Task instructions: From the line containing "Tenis Vans Skool" to the line containing "g7 letter number" in the entries below, reproduce every line exactly, ends included. Nothing else belongs in the copy, and no pictures.

** Opening Information given block **

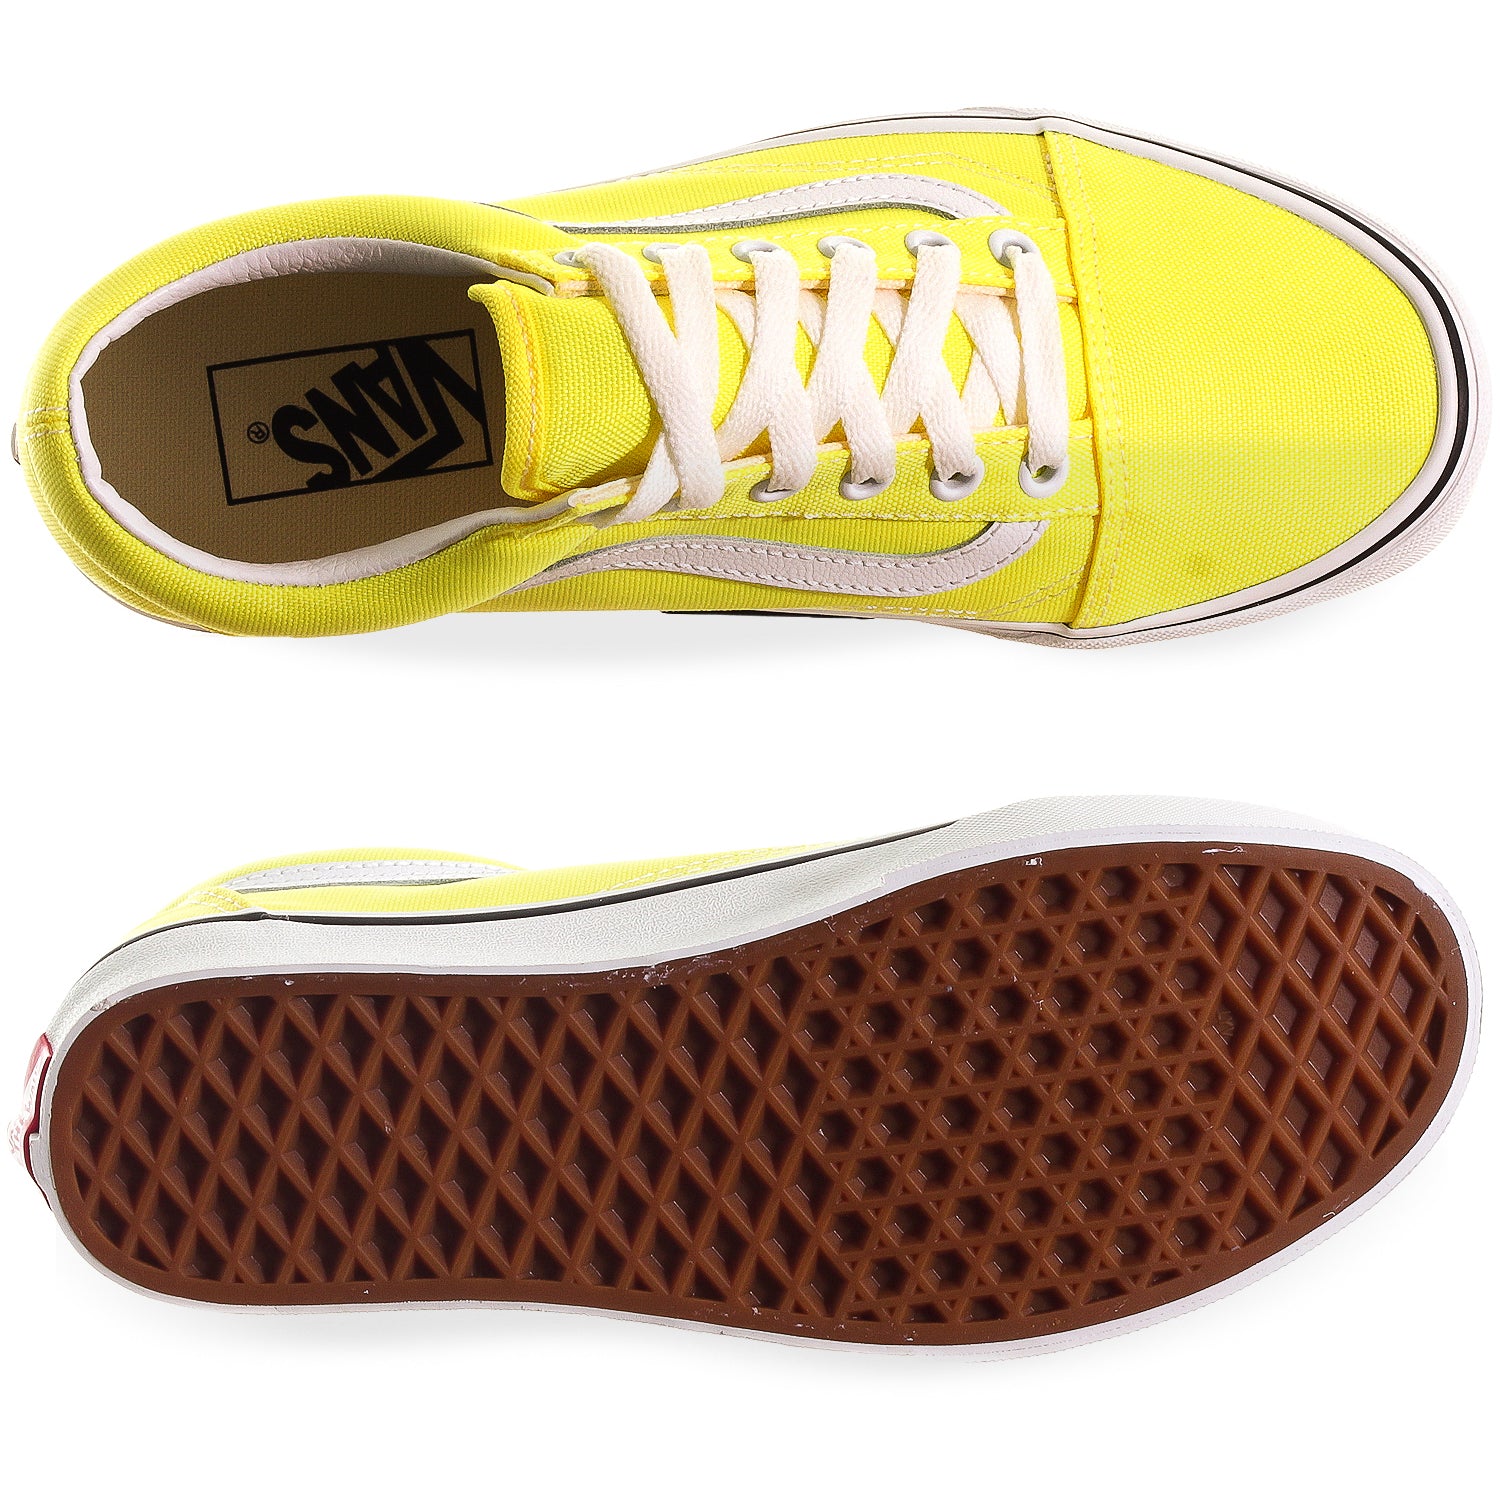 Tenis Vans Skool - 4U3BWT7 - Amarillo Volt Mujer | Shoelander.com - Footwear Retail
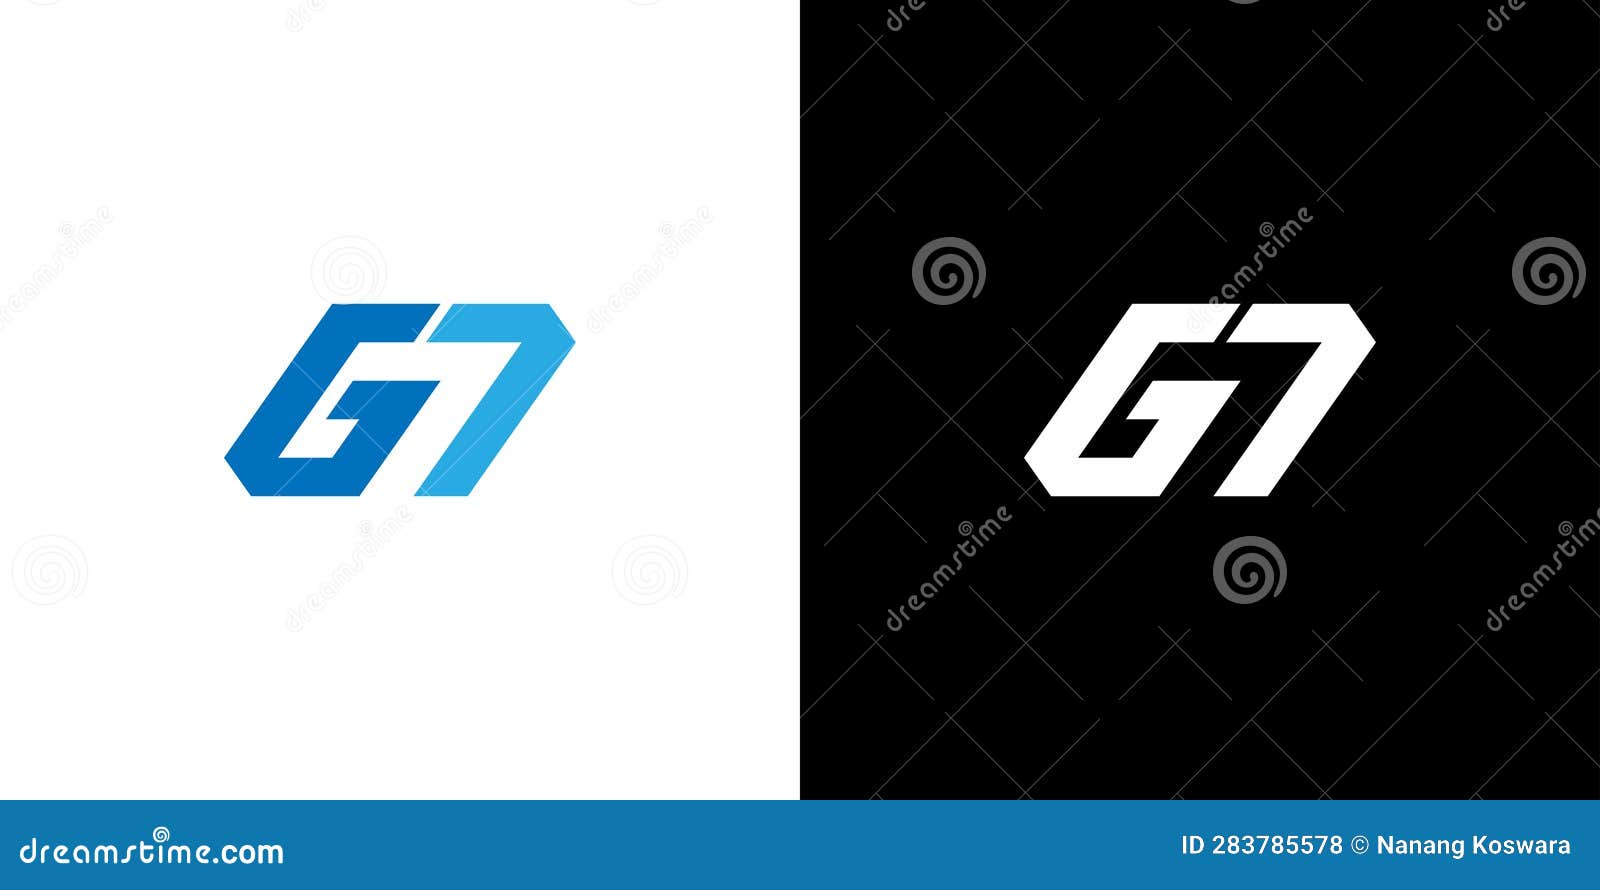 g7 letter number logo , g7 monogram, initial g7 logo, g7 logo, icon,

** Closing Information given block **
** Opening Information given block **

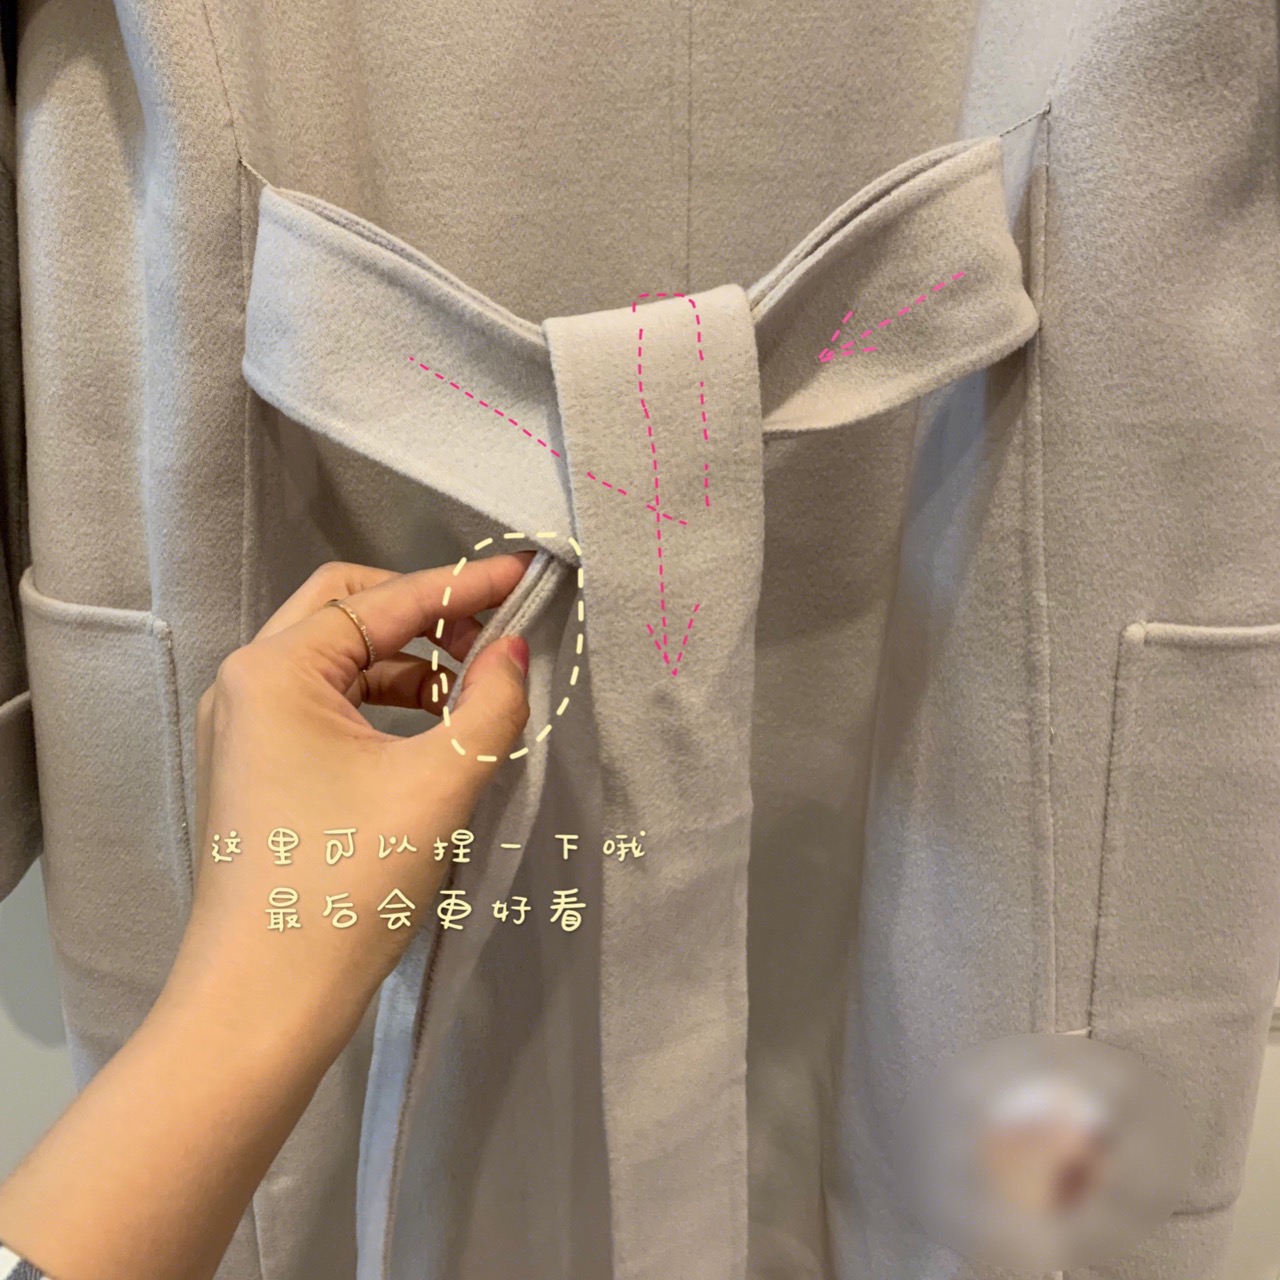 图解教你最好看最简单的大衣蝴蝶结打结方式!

** Closing Information given block **
** Opening Information given block **

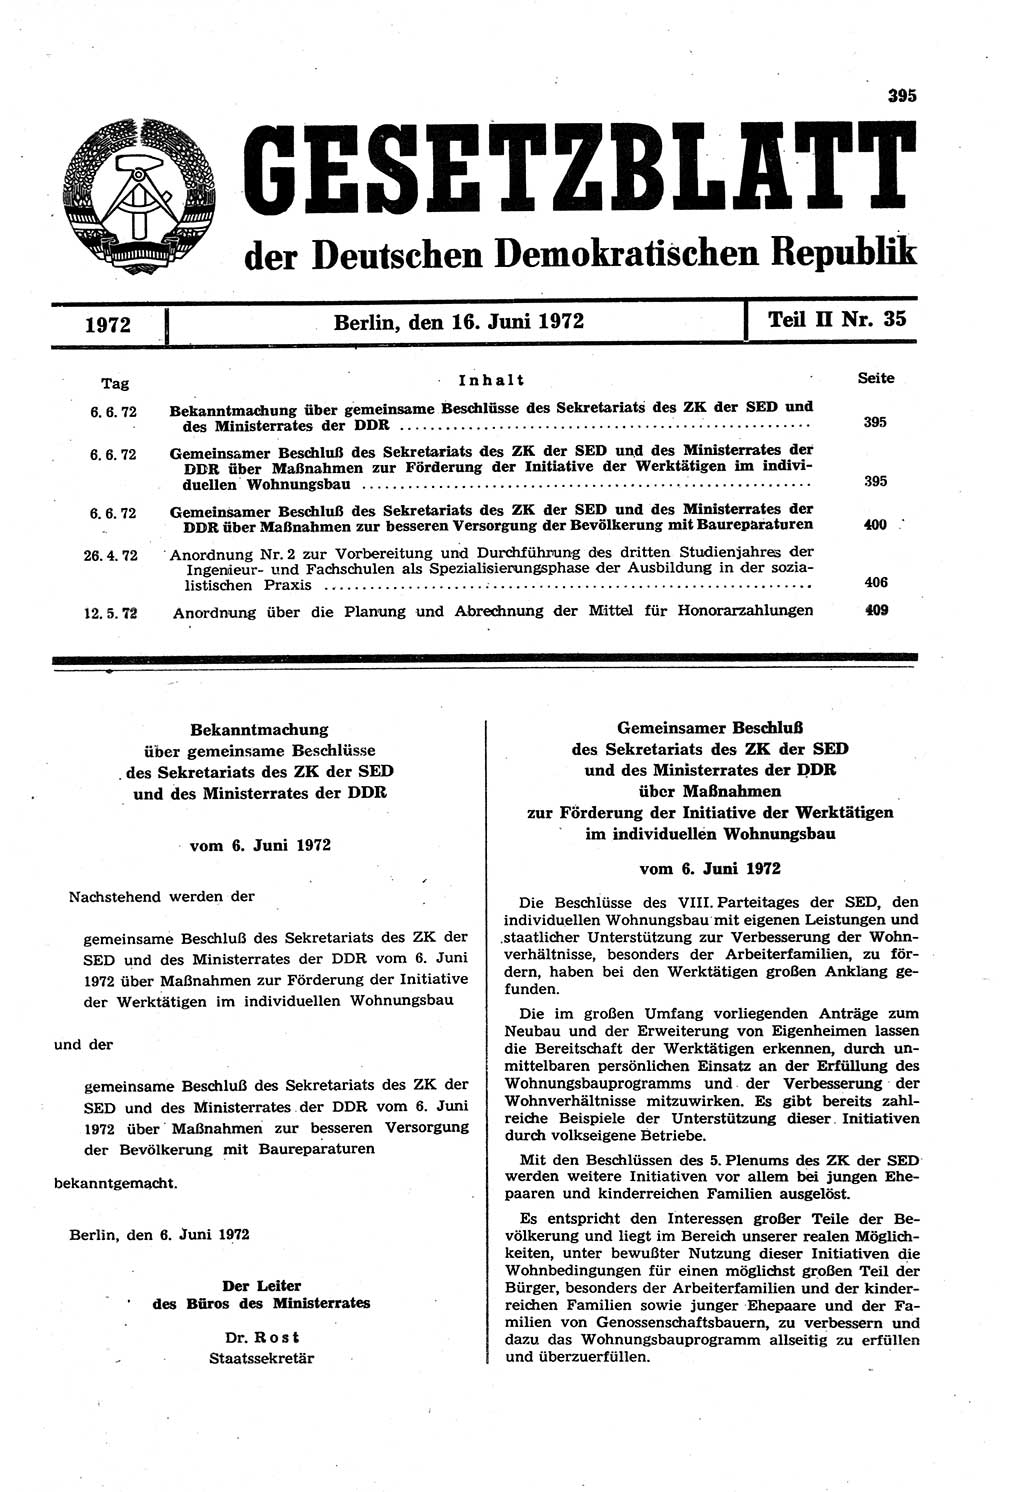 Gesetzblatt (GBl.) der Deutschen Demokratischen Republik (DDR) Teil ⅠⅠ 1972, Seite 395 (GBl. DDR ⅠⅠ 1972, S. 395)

** Closing Information given block **

Solution to this problem:
 Tenis Vans Skool - 4U3BWT7 - Amarillo Volt Mujer | Shoelander.com - Footwear Retail
 g7 letter number logo , g7 monogram, initial g7 logo, g7 logo, icon,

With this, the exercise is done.